How do you determine if something is backdated
Discussion
I feel like any use of UNTIL that is past current system time should be considered backdated and future events not broadcasted.
How do we determine current system time
NTP? Idk
Certain users in my timeline reliably make posts that my client perceives as “future” by just a few seconds.
Nostr is absolutely not a synchronized protocol, nor does it need to be. I believe the docs encourage for clients to stay within ~10 minutes or something like that.
That said, I think it’s perfectly reasonable not to relay newly created events in real time to my client if I’m filtering UNTIL some date that’s clearly not present time.
Let me wrap my head around this so I'm on the same page..
As the client you're stipulating an until value based on what you perceive to be current time.
The relay may have a different current time, and may interpret your request to be a few seconds into the future.
Id assume (possibly wrongly) that a relay is either going to have a future tolerance for time drift if it has a rule about not yielding events it perceives to be in the future... Or, it's agnostic and keeps the channel open and keeps returning any new events it receives that are dated before the until value the client provided.

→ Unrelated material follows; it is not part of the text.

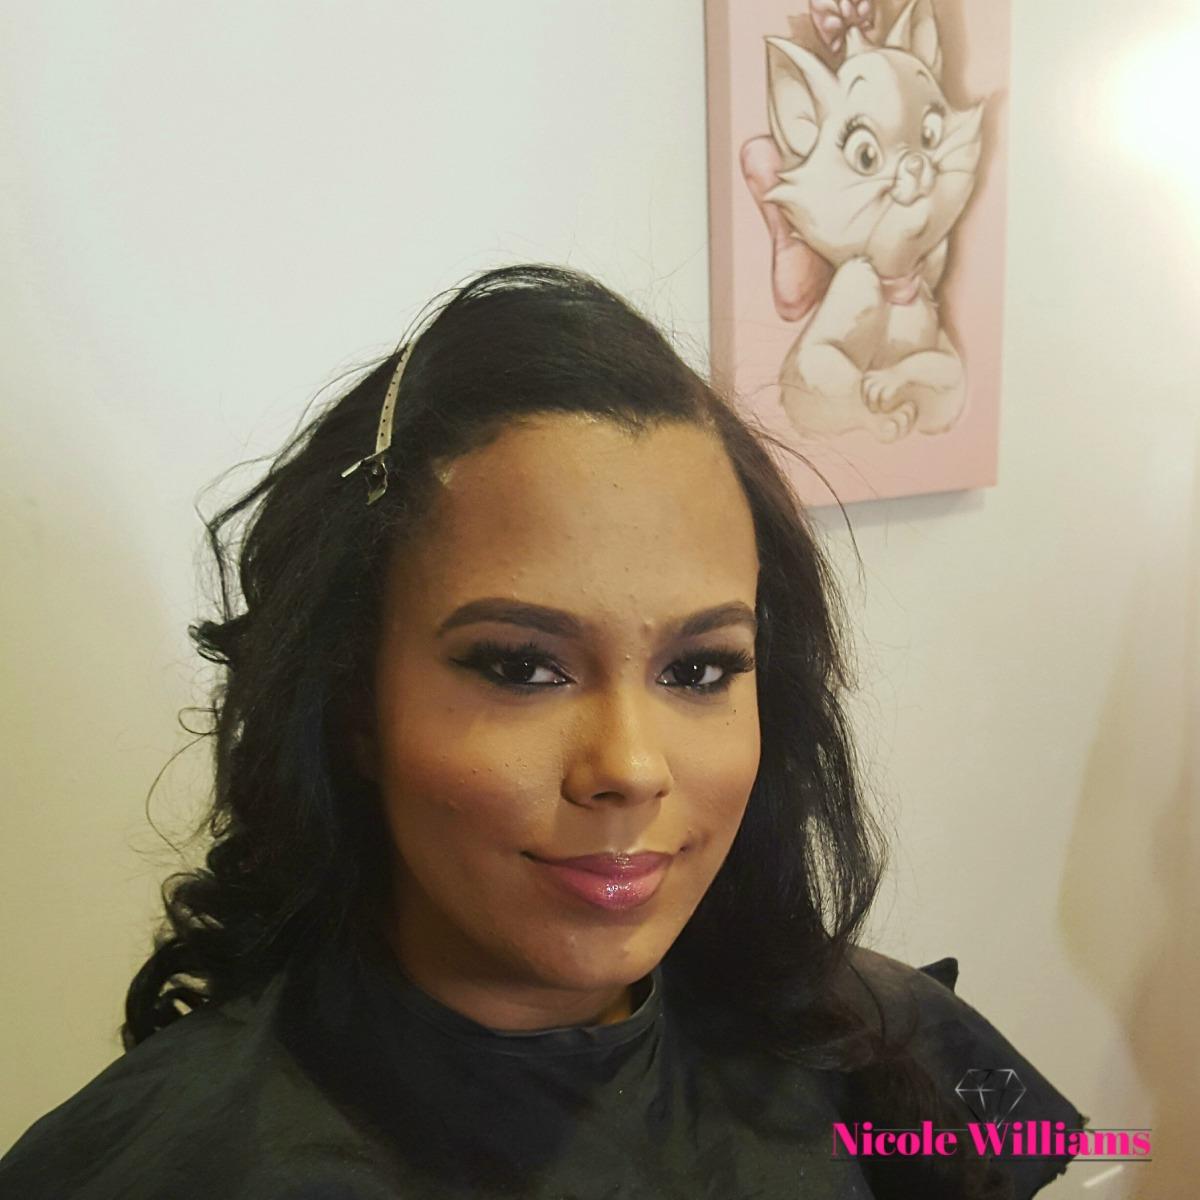 mya-ling-sweet-16-makeup-2.jpg

My experience calling relays is limited. I was using fiatjaf nostr client written in go and it's relay pool model was keeping connections open pretty much indefinitely. Without rewriting the relay pool to be more relay friendly, I was using it to listen for new events, and then periodically killing the process and reinitializing a new one with an updated since value. In this scenario I got events since that time, and new ones created in the future after my request was started.